Belos registos! Bem que podiam dar essa informação nos jornais de hoje tipo os extremos de temperatura... Rog não tens nada do continente?


----------



## Rog (15 Mar 2007 às 00:21)

*Re: Meteorologia no séc. XIX*



Fil disse:


> Belos registos! Bem que podiam dar essa informação nos jornais de hoje tipo os extremos de temperatura... Rog não tens nada do continente?



Realmente é interessante ver que há 130 anos os dados meteorologicos eram mais completos que os actuais...

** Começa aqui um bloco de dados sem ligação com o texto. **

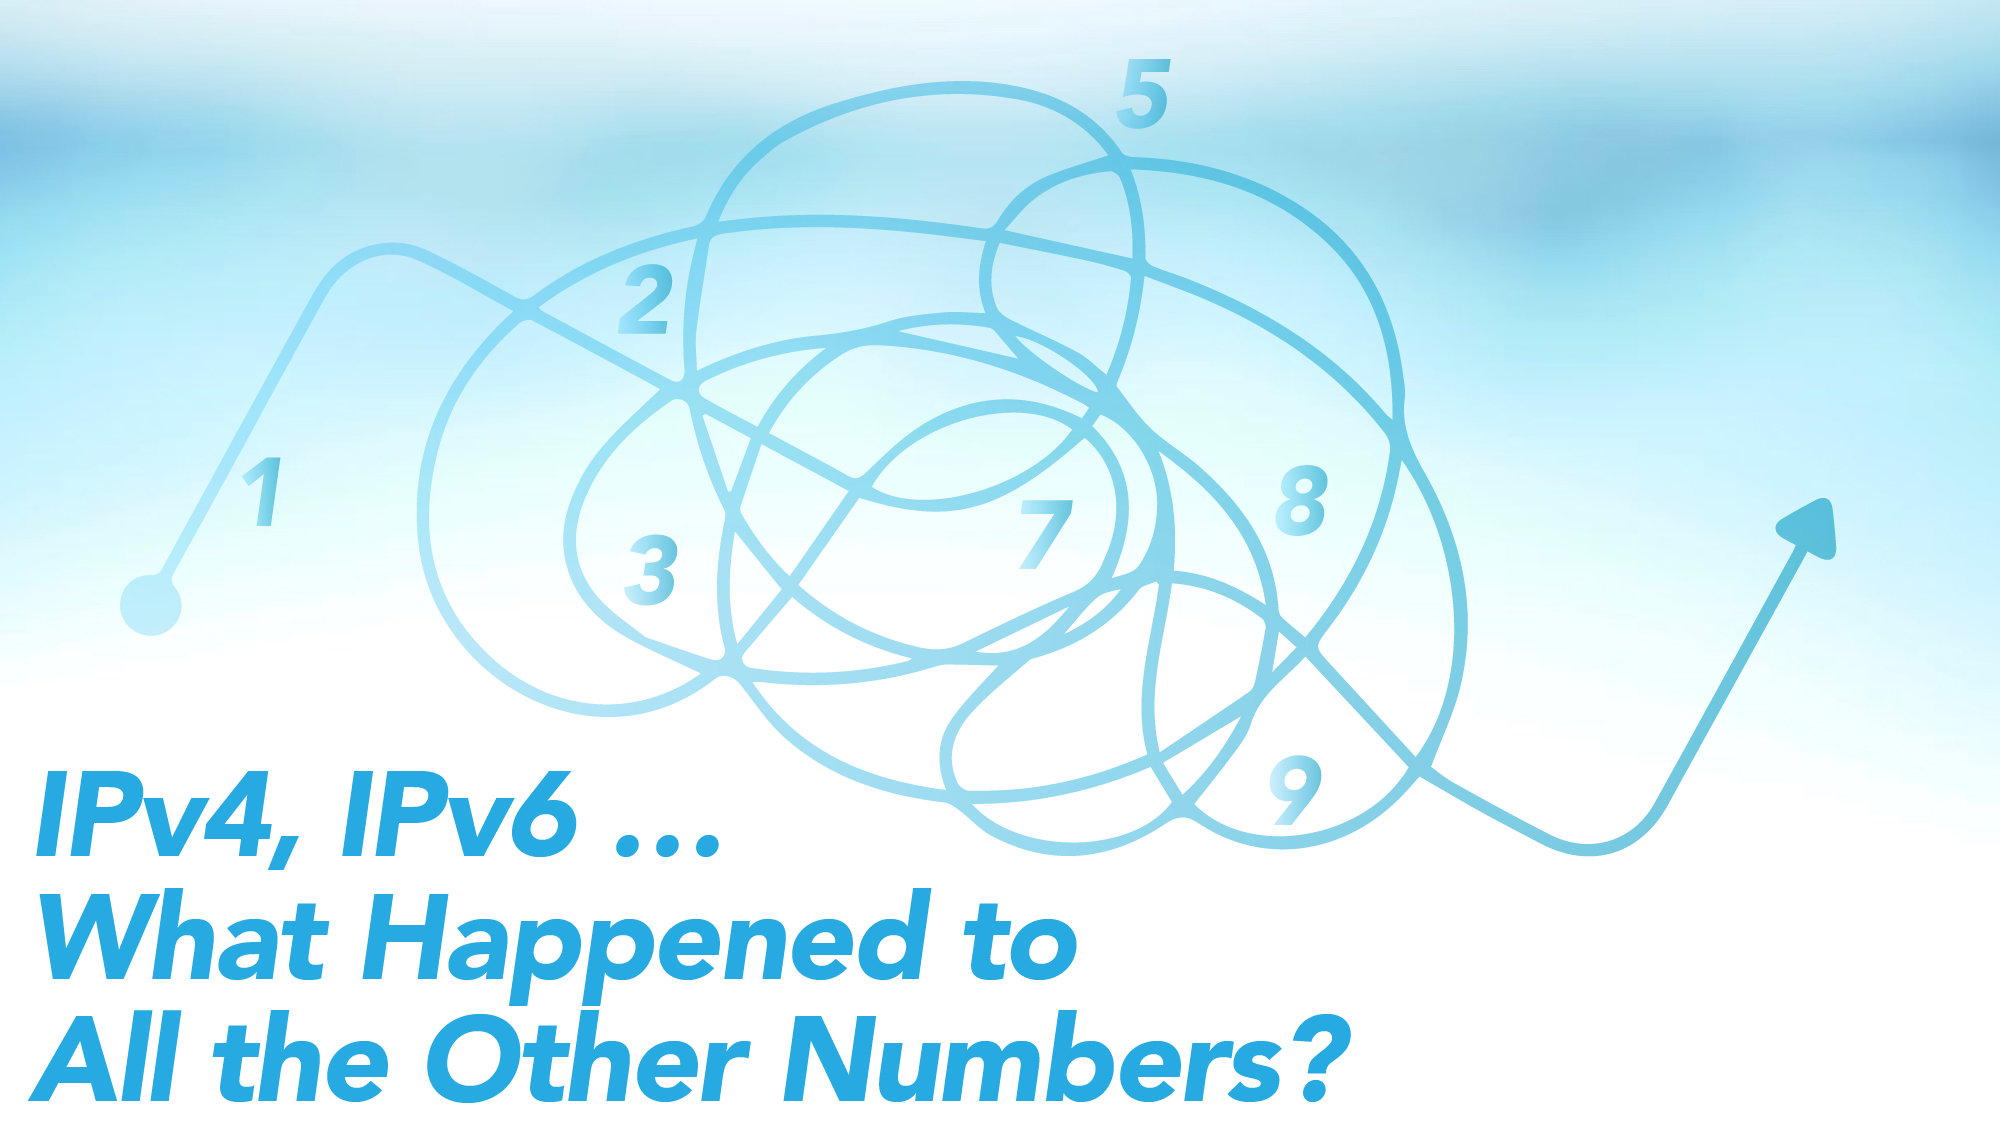 IPv4, IPv6 … What Happened to All the Other Numbers?
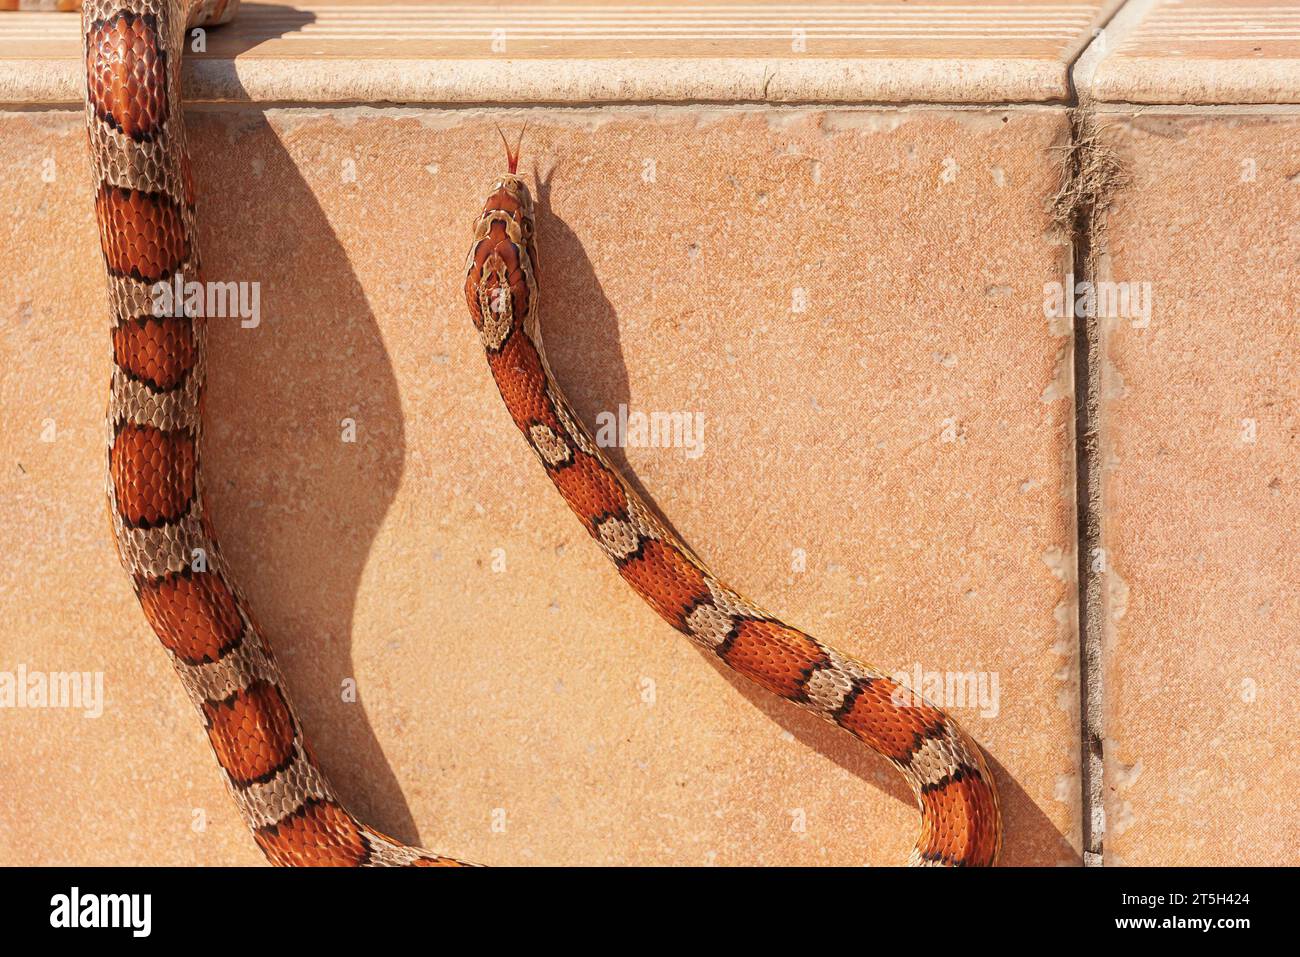 Red snake - Pantherophis guttatus crawls on the pavement and has its tongue out Stock Photo

Do continente já vi alguns registos de 1877 essencialmente de Lisboa, qdo os reencontrar posto por cá. 

Um outro relato tb do ano 1876, fala de relatos de icebergues... interessante:


----------



## Rog (15 Mar 2007 às 23:54)

*Re: Meteorologia no séc. XIX*

Encontrei este artigo com dados de Lisboa de 1876... o mais antigo que consegui encontrar...


----------



## Vince (16 Mar 2007 às 03:23)

*Re: Meteorologia no séc. XIX*

Obrigado Rogério, adoro esse tipo de registos históricos. 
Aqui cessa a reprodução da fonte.